The opinions contained in this article are solely those of the author and not Fictionista Workshop.
Five Pillars of Marketing Reach
Let’s talk about octopi. They’re actually a little bit like your nightmares come to life. Whatever you do, don’t Google them, and don’t watch a YouTube video called “Octopus Houdini.” I digress, but the reason I’m using these creepy creatures for context in my post about book marketing is the fact they’re the smartest invertebrates, incredibly flexible, and really great at using each of their eight arms to get what they need.
With all due respect, let’s forget Amanda Hocking for a moment. I’m about to explain why marketing your books like an octopus is the best idea of all time. Octopi wouldn’t survive long in the wild with a single arm. Likewise, you won’t survive long in the cutthroat ocean of indie or self-published book marketing if you don’t leverage each of the five most suction-cuppy arms of a good online marketing strategy:
Arm #1: Your Personal Brand
When I say Lexus, you probably think luxury. When I say J.K. Rowling, you think Harry Potter, philanthropy, and social activism. These automatic associations are branding done the right way. Carnival Cruise, on the other hand, probably has some less-than-positive connotations among most of us at this point.

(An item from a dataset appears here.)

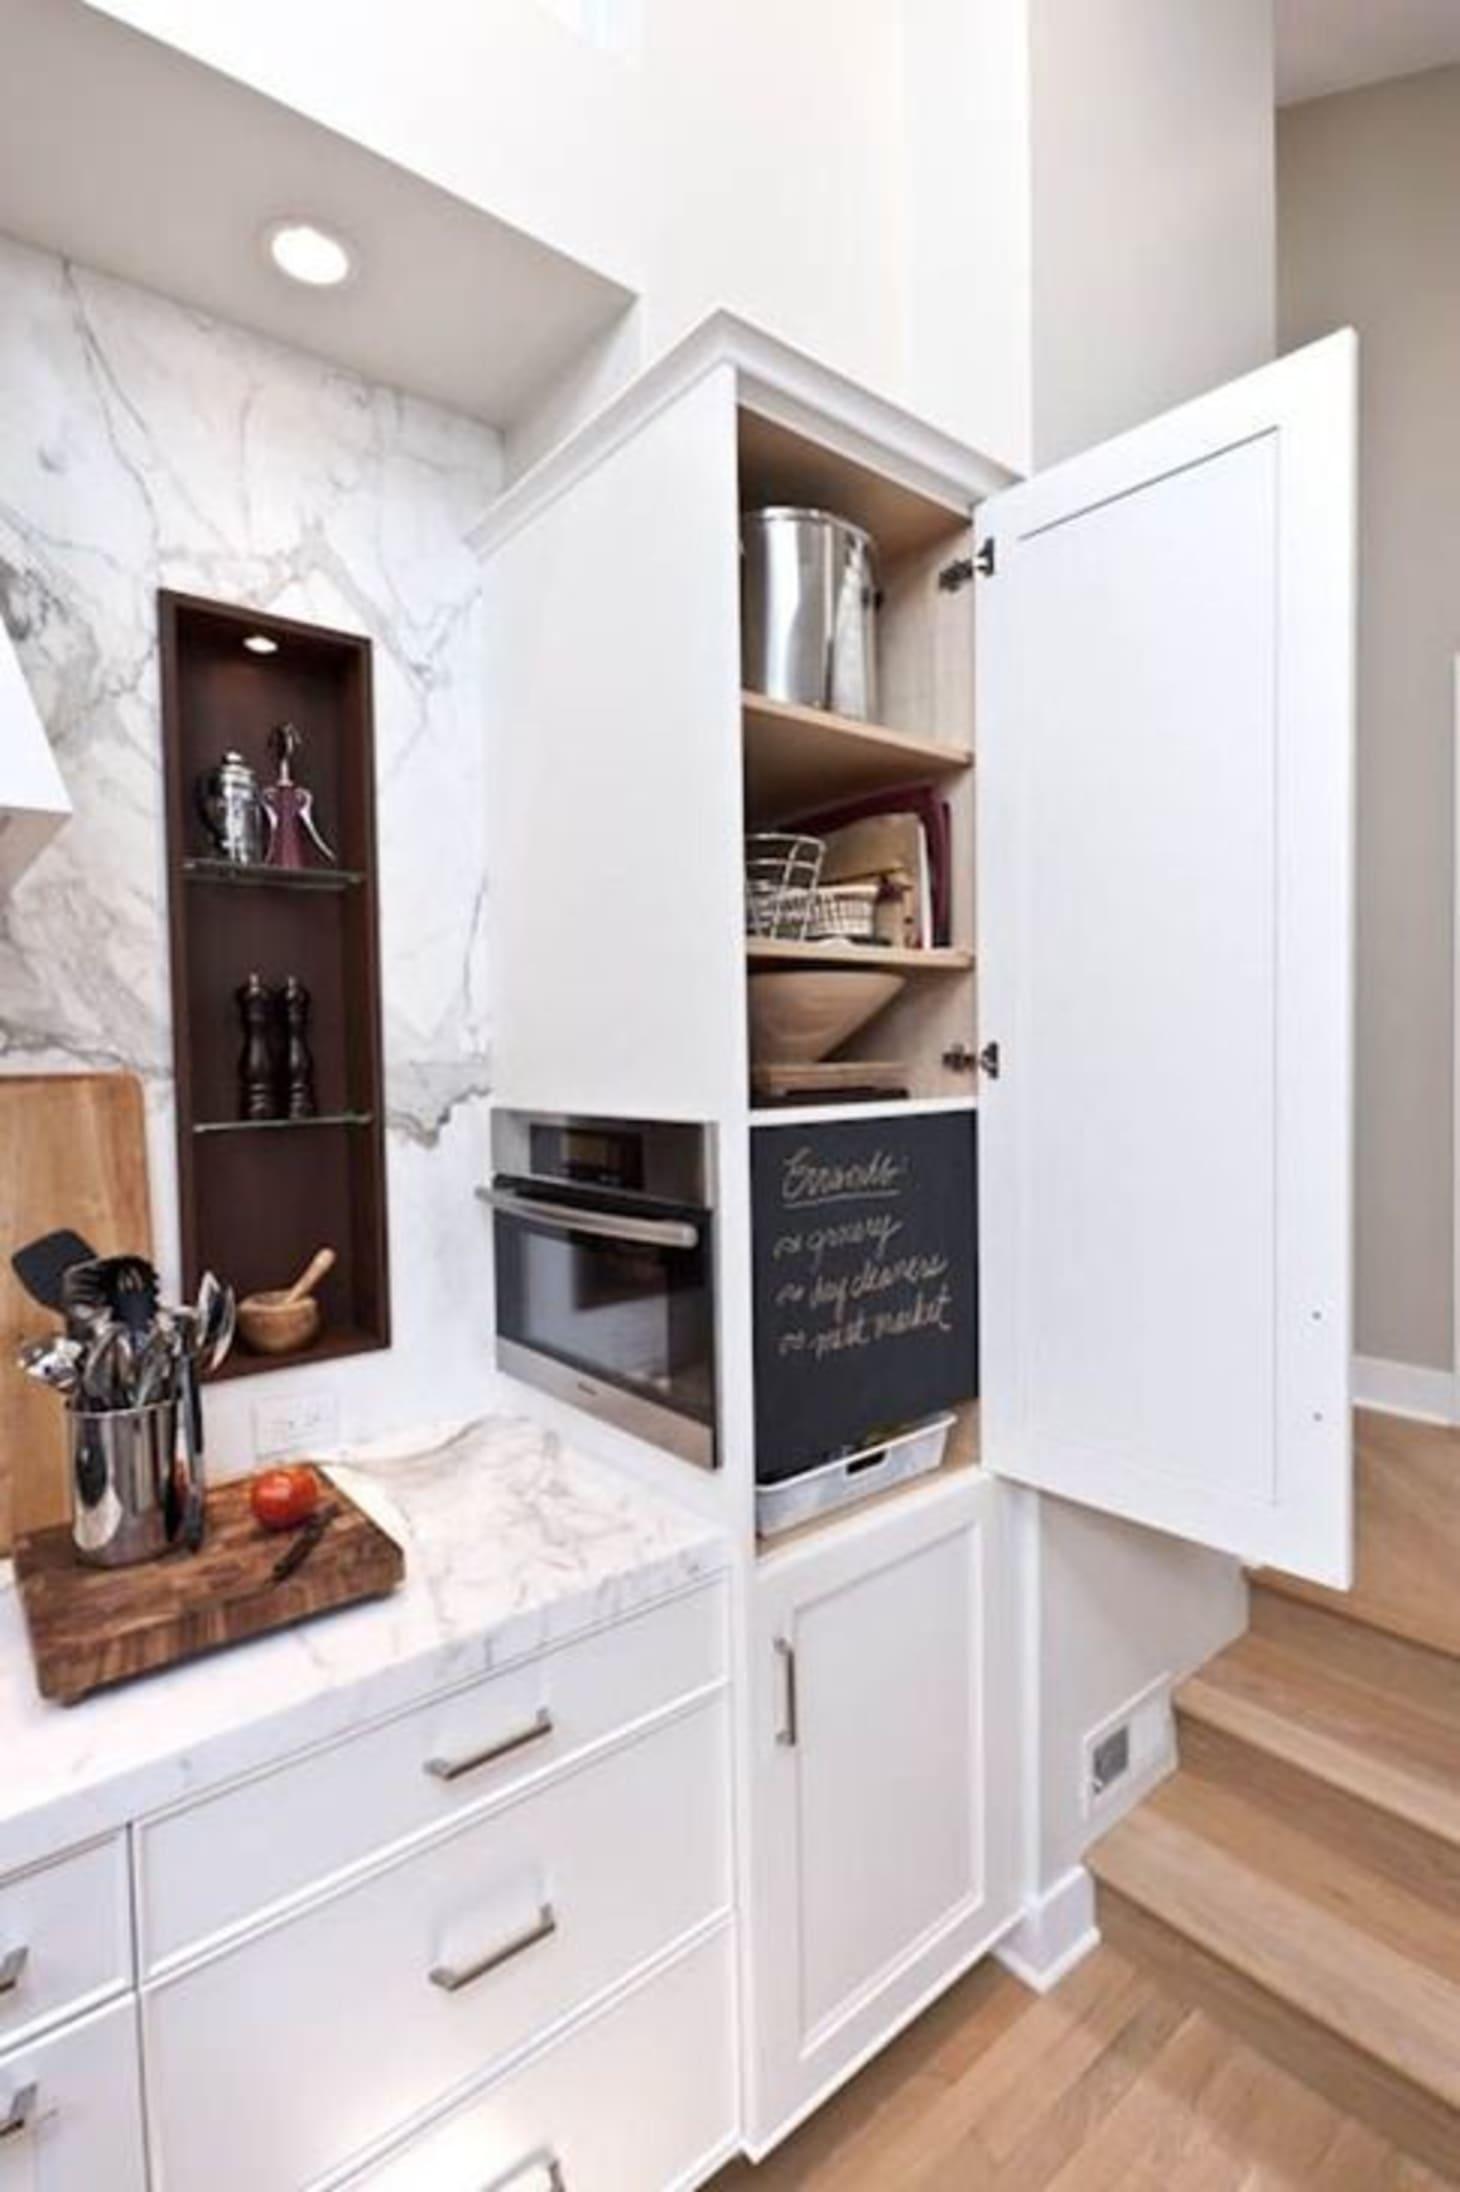 Microwaves in the Kitchen: Hidden Storage Solutions ... on kitchen hidden sink, kitchen hidden storage, kitchen hidden pantry,

Personal branding sometimes gets a bad rap, but it’s well worth discussion. As my buddy Nando Rodriguez of Ogilvy + Mather puts it, think of “your personal brand as an identity that puts you at a 360-degree view.” Identify your unique selling points, know how you fit into your genre, and drive it home on your marketing platforms.
Arm #2: Your Blogging
When an author recently asked me what the single most important component of their marketing strategy should be, my answer was blogging. Something like 97% of consumers start looking for products on a search engine, but only 4% of first-time visitors to your website are ready to make a purchase. Having engaging content that’s targeted to your readers, not necessarily other authors or your friends, is key to making that instantaneous connection, so they’ll come back to you when they’re ready to buy.

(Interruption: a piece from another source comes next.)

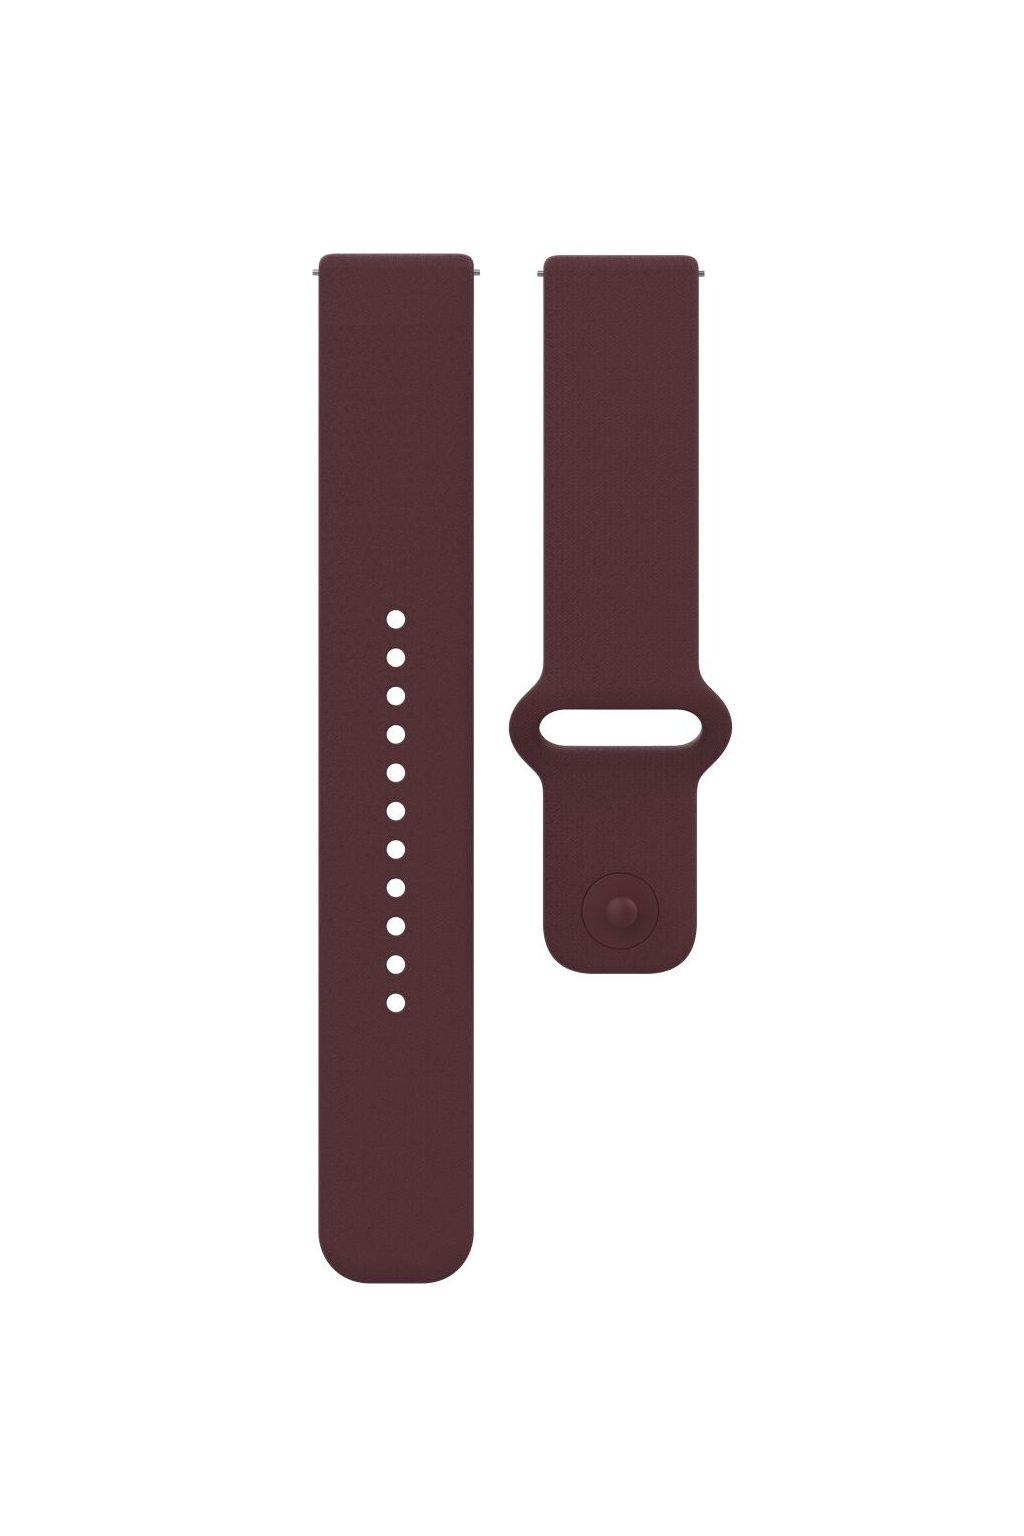 Polar Unite accessory silicone wristband purple

While I believe producing blog content that readers want to bookmark and share should be our primary goal, positive search engine optimization (SEO) is also a bonus. Google loves websites that add fresh content on a regular basis, and studies routinely show consumers are lazy and pick one of the top search results. As a reward for all your hard work, you’ll start to steal one of the top spots for the words relevant to what you do, like “Indie chick-lit about teachers.”
Arm #3: Social Media
Every day, more than a half billion new Tweets are generated, which is more books than exist in the world. Social media is a nearly ubiquitous tool, and your challenge as an author is to stand out amidst the noise. Post invaluable content, build genuine relationships, and perhaps most importantly, let other authors bask in your limelight once in awhile.
Arm #4: Email Marketing
There’s no single marketing tactic that’s more divisive than email marketing. Honestly, I’m a fan because it works, and it has the highest return on investment (ROI) of any form of marketing. Follow the Federal Trade Commission’s Can-SPAM act to the letter, and don’t add any contacts who haven’t specifically opted into communication. Use your email list as a tool for relaying extra important and relevant information to people who already love you, and you’ll be thrilled with the results.
Arm #5: Your Website
People really hate slow-to-load websites that look like they’re stuck in the ‘90s. 58% of consumers will actively try to avoid a brand in the future if the company’s website leaves something to be desired. Gorgeous custom web designs are pricy, but there are plenty of professional-looking WordPress templates for less than the price of 10 lattes. Believe me, a website design that means business is well worth your investment.
While these five arms are just a basic overview of the critical components of an online presence, you’ll be less agile and effective if you eliminate one. Wherever your readers are, you should be also.